Aoki is the Henri and Tomoye Takahashi professor emeritus of Japanese Studies in the department of economics and a senior fellow at the Stanford Institute for Economic Policy Research (SIEPR) and the Freeman Spogli Institute for International Studies (FSI), in residence at Shorenstein APARC.

You have been at Stanford since 1967 in different capacities – what has changed since then? Can you share some memories with us? 

I first came to Stanford as an assistant professor in 1967. Campus and the surrounding environment were different then – there were series of apricot orchards along El Camino to the south and my office was located in a wooden building – the old president’s house where the engineering buildings stand today. Changes at the university and in Silicon Valley have been fascinating to witness. I was away from Stanford in the 1970s, but when I came back in the 1980s, I had over 200 students at a time in my classes. This was because of widespread interest in Japan’s economic performance, which was then challenging American industries. Now students are inclined to be more interested in the rise of China. I share the same interest.

What has been most interesting for me is collaboration with graduate students and faculty to develop institutional studies. In the 1990s, I worked with Paul Milgrom, Avner Greif and Marcel Fafchamps among others, to initiate the field of comparative institutional analysis in the economics department. Greif and Fafchamps now have appointments in FSI like myself. Our research worked to understand why and how institutions matter to economic performance. However, my interests have expanded since then. I aim to understand relations between economic and demographic variables as well as institutional complementarities between economic institutions, social norms and political governance. As for my former students, many of them can now be found in important academic, government and private sector roles across the world.

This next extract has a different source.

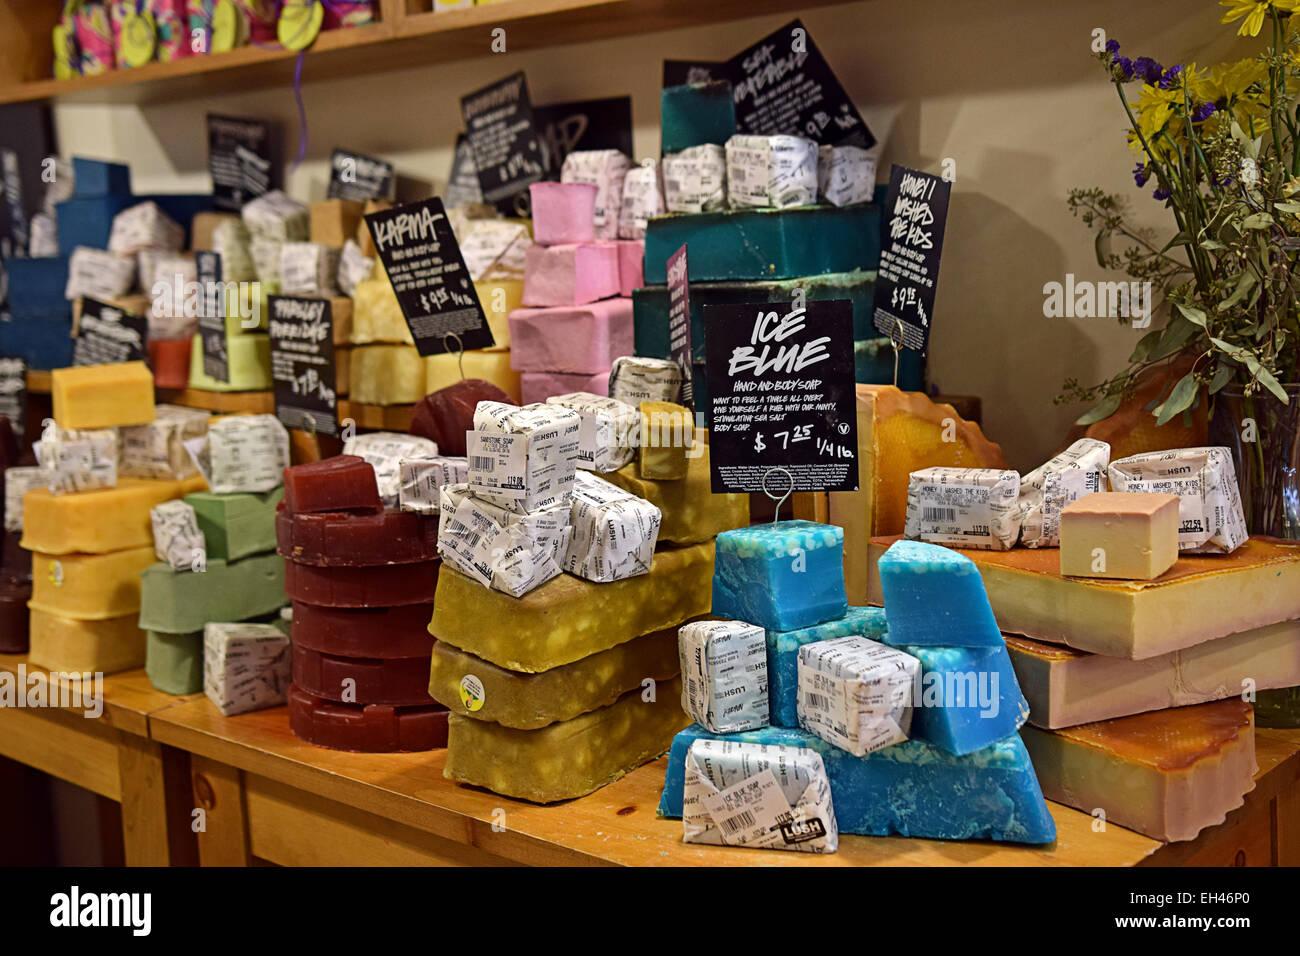 Soap | LUSH Cosmetics

What particular “lens” do you use to conduct your research?

Some influential economists understand that the nature of polity determines economic performance. They say this correlation is obvious if we compare the exploitative political regime like North Korea with that of a democratic political regime like South Korea. But this “lens” is a bit too simplistic for me. Why do ‘bad’ political regimes persist in some countries?  The relationship between political governance and economic performance is more complex than “the former simply causes the latter.”

To understand the relationship between political governance and the economy, I use game-theoretic concepts. While I am not a game theorist, I still believe that human interaction – whether economic, political or social – is a kind of game. People form beliefs based on how others play societal games. One of the important insights derived from these ideas is that political governance and economic institutions actually co-evolve. Furthermore, we need to look at the historical context to understand the present.

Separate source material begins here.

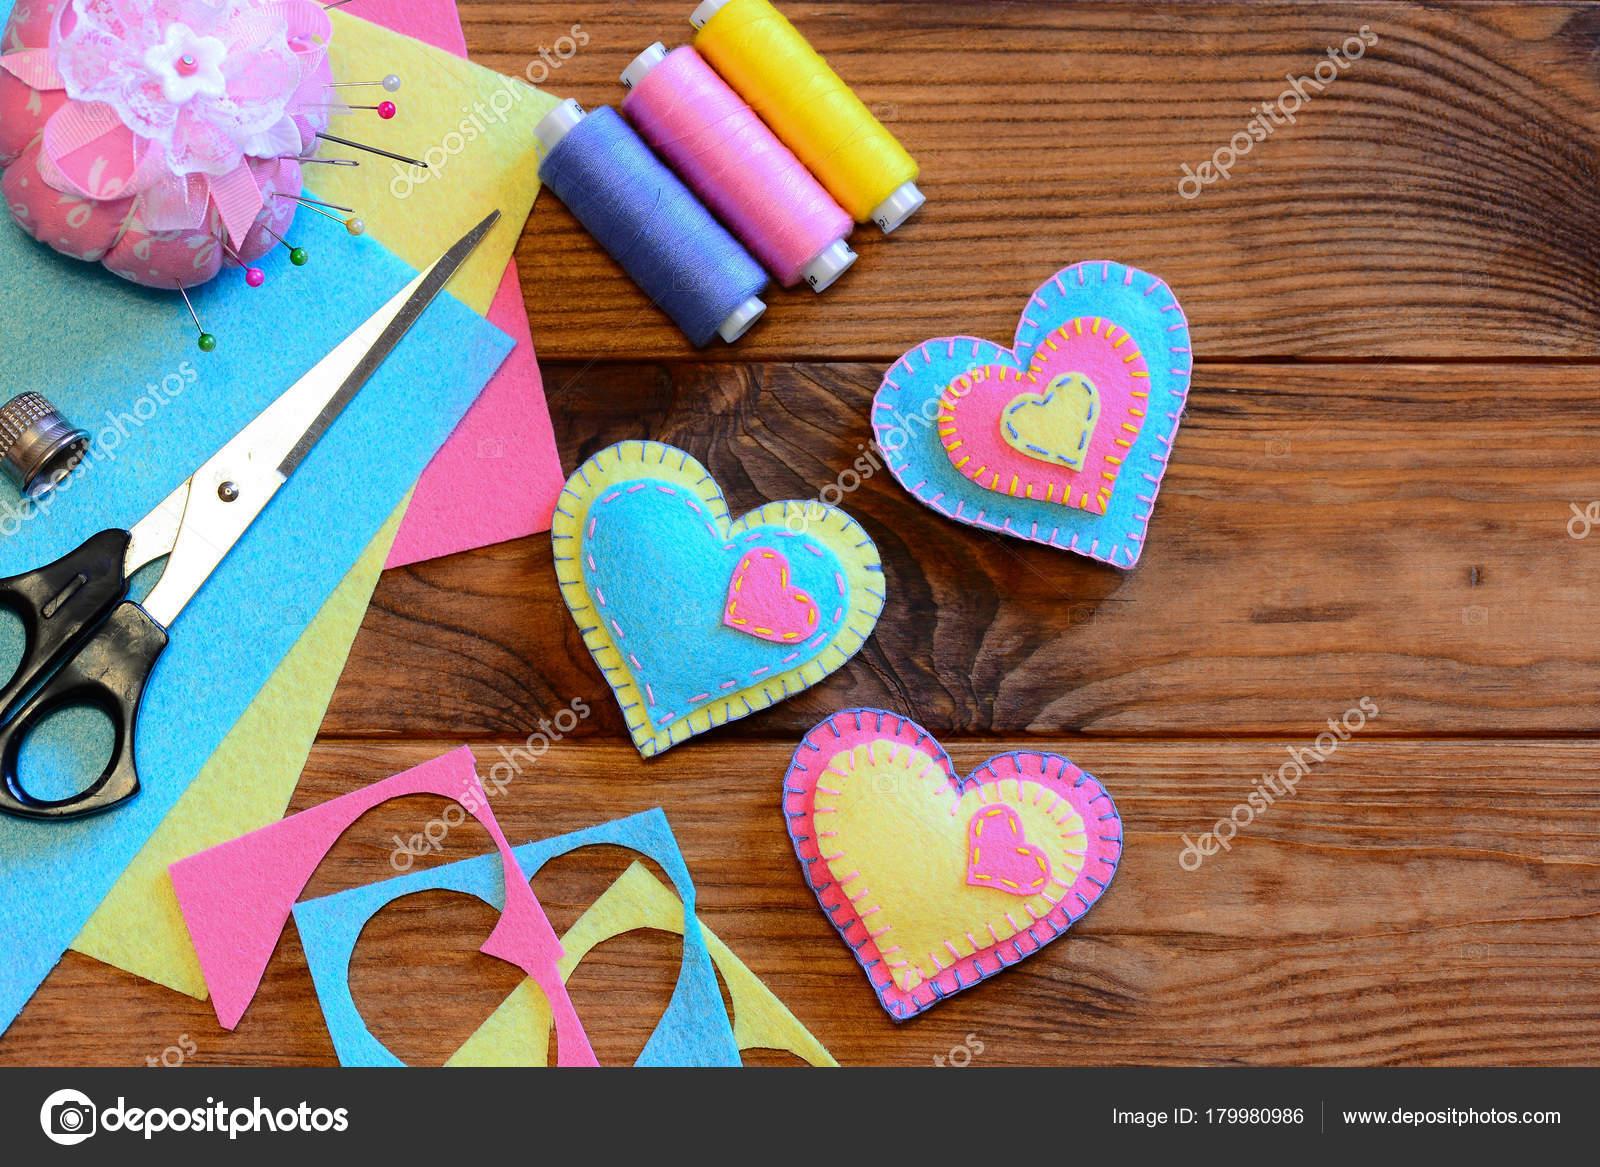 Valentines Day Ornaments Idea Felt Heart Ornaments Scissors Thread

How have you applied these theories to the cases of Japan and the United States?

One of my major research interests has been the comparison of corporate governance across countries. Financial economists view the corporation as the property of stockholders. But we can also view the corporation as a system of distributed cognition. That is, the corporation is a group of people who have different cognitive roles and capabilities. Individuals can be organized to achieve economic value using physical assets as tools for respective cognitions.

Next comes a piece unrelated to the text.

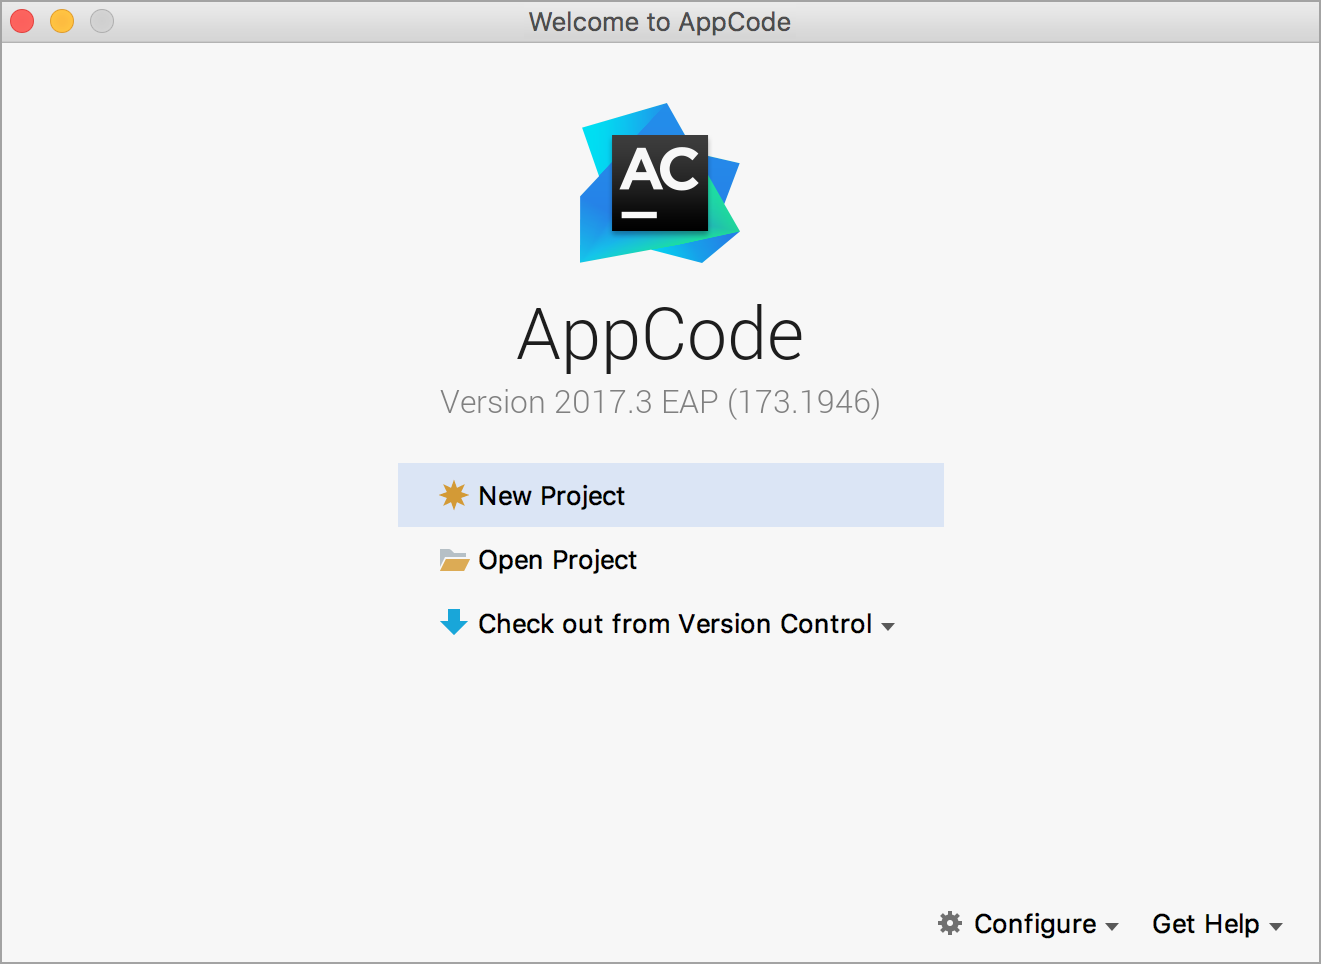 ac welcomeScreen

By looking at corporations in this reversed way, we can identify different types of organizational architecture and their comparative advantages. In short, my research has found that managers’ cognitive assets are prioritized in U.S. corporate model, while workers’ entrepreneurial cognitive assets are prioritized in Silicon Valley’s model. In contrast, Japan favors a model where manager and workers’ cognitive assets are more interdependent.

You emphasize the connection between economics and demographics. What can be done about Japan and greater Asia’s rising demography problems?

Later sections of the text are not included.